KıbrısManşet

Seslerini duyurmak için bir kez daha yürüyecekler

Kadın Eğitim Kollektifi yaptığı yazılı açıklamada herkesi 25 Kasım Çarşamba günü Dereboyu Kumsal parkta 25 Kasım Kadına Şiddete Yönelik Mücadele Yürüyüşü’ne davet etti

Covid 19 salgını sebebi ile işyerinde ilk gözden çıkarılanların kadın olduğunu ifade eden Kadın Eğitim Kollektifi 25 Kasım Çarşamba günü konu ile ilgili isteklerini ve taleplerini tekrar yineleyeceklerini kaydetti.

Kadın Eğitim Kollektifi’nin açıklaması şu şeklide;

“25 Kasım, 1960 yılında Dominik Cumhuriyeti’nde diktatörlüğe karşı mücadele eden “Mirabel Kardeşler” olarak anılan üç kız kardeş Patria, Minerva ve Maria’nın tecavüz edilerek katledildiği gün. Mirabel Kardeşler’in uğradığı şiddetin derin etki bırakması sonucunda 25 Kasım, 1999 yılında Birleşmiş Milletler tarafından “Kadına Yönelik Şiddete Karşı Uluslararası Mücadele Günü” ilan edildi.

Günümüz, dünya geneline zor zamanlar yaşatan Covid 19 virüsü sebebiyle daha da belirsiz hale gelmiştir. Bu belirsizliklerden ve olumsuz koşullardan en çok etkilenenler ise kadınlar olmuştur. Salgın döneminde ekonomik sıkıntıların tırmanışa geçmesi ve işsizlik sorununun baş göstermesiyle birlikte, yaşam koşulları daha da zorlaşmış, iş yerlerinde ilk gözden çıkarılanlar kadınlar olmuştur.

Kadınlar evde, iş yerinde, sokakta, her yerde ayrımcılıkla ve birçok baskı unsuruyla baş etmek zorunda kalmaktadırlar. Ev içinde emekleri sömürülüyor, şiddete uğruyorlar, iş yerlerinde mobbinge maruz kalıyorlar. Mobbing yasası henüz söz konusu değil. Kıyafetlerine, nasıl güldüklerine kadar bütün davranışları baskı altına alınmış. Birçok insan toplumun muhafazakarlaştırılmasıyla kadının bedeni ve davranışları üzerinde baskının gün geçtikçe arttığının farkına varamıyor. Kadınların ev içi emeğini azaltacak, omuzlarındaki yükü hafifletecek kamusal mutfak, kamusal kreş gibi hizmetler bulunmuyor. Şiddete uğrayan bir kadın araç sahibi değilse, polise gidip şikayette bulunabileceği bir toplu taşıma hizmeti ya kısıtlı ya da bazı bölgelerde hiç yok. Eğitim ve sağlık gibi hizmetlerin ücretsiz olmaması, asgari ücrette iyileştirme yapılmaması gibi etkenler geçim derdindeki aileleri zor durumlara düşürmekte ve aile içi çatışmaları tetiklemektedir.

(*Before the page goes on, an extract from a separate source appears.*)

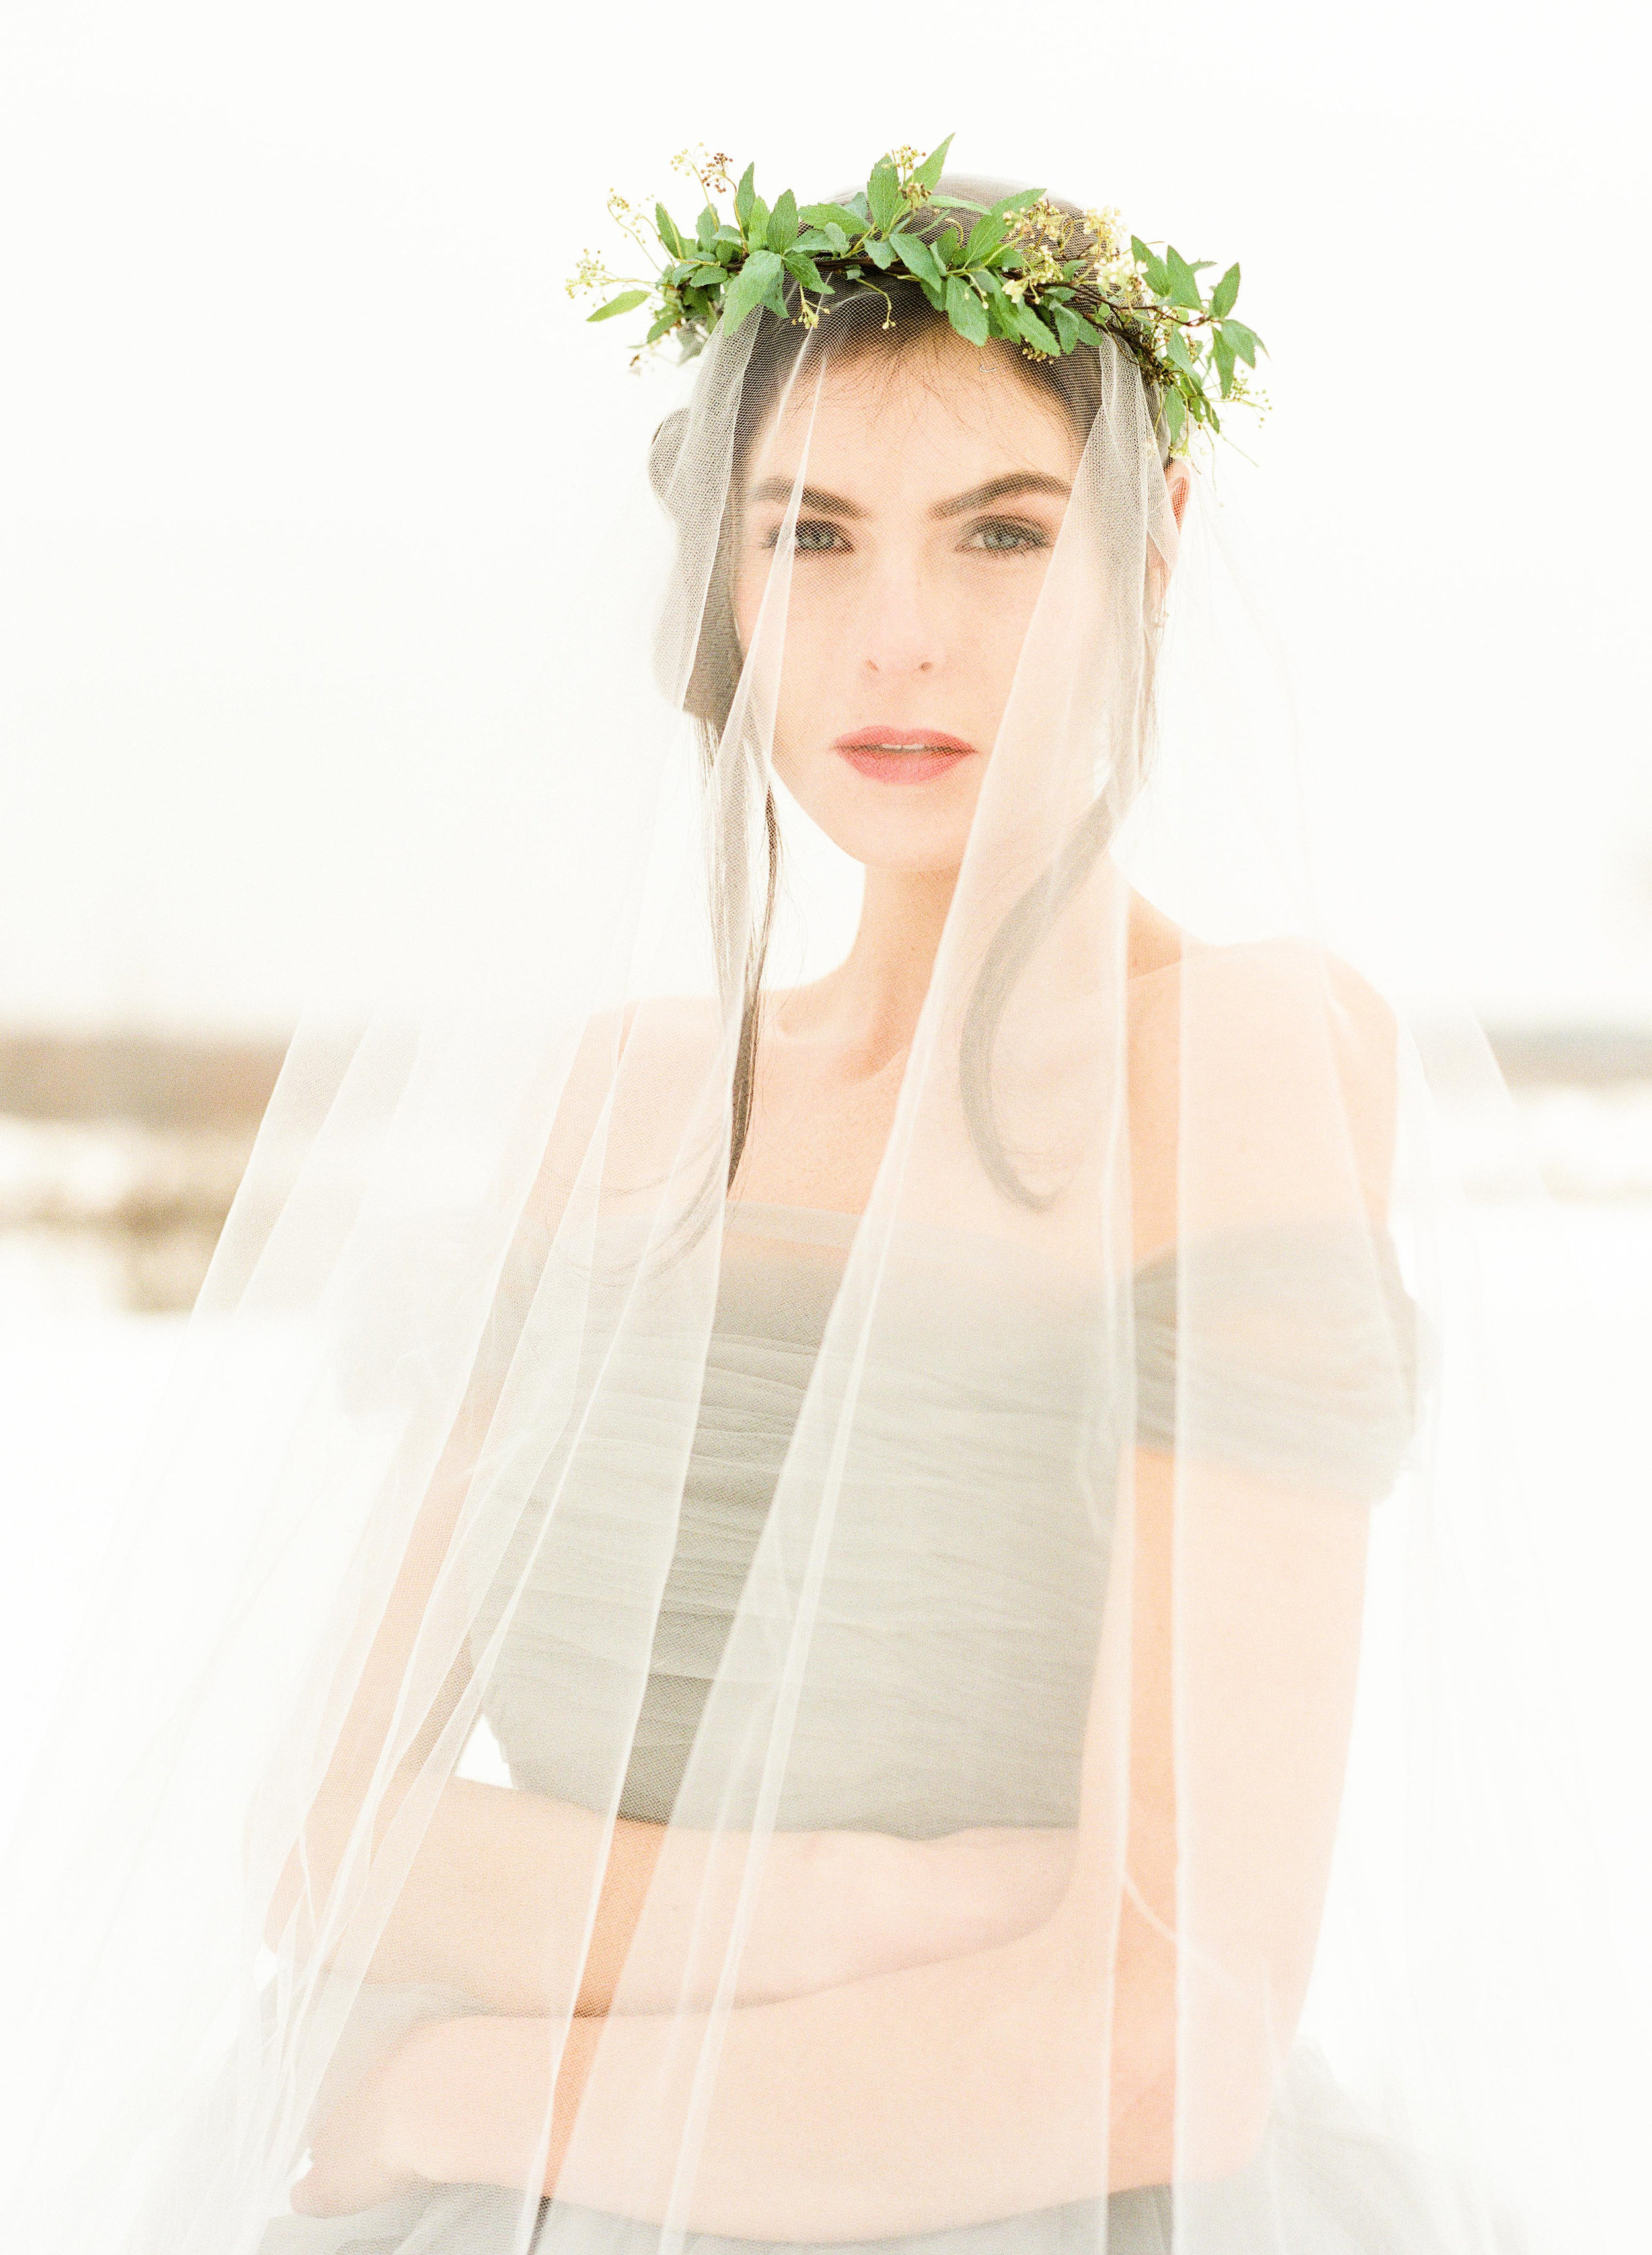 WinterEditorial-SarehNouri-LindsayMaddenPhotography-06.JPG

Lefkoşa sınırları içindeki sınırlı kapasiteye sahip sığınma evi dışında hiçbir bölgede sığınma evi olmaması, şiddete uğrayan kadının hayatını bir o kadar daha zorlaştırmaktadır. Her bölgeye sığınma evi sağlamak devletin görevidir. Ülkemizde göçmen olarak bulunan kadınların emeği ciddi bir şekilde sömürülmekte ve bu da devlet tarafından görmezden gelinmektedir. Sosyal Hizmetler Dairesi’ne bağlı Alo 183 ihbar hattının etkin biçimde çalışması için gerekli zemin sağlanmamıştır.

25 Kasım Çarşamba günü, tüm taleplerimizi yinelemek ve sesimizi bir kez daha duyurmak için 25 Kasım Organizasyon Komitesi (Bağımsızlık Yolu, Baraka Kültür Merkezi, BES, GÜÇ-SEN, HAK-SEN, Kadın Eğitimi Kolektifi, KTOEÖS) tarafından düzenlenen “25 Kasım Kadına Şiddete Yönelik Mücadele Yürüyüşü”nü yapmak üzere saat 18:00’da Kumsal Parkı Dereboyu girişinde toplanacağız. Bizimle birlikte yürümesi için herkesi sokağa davet ederiz.”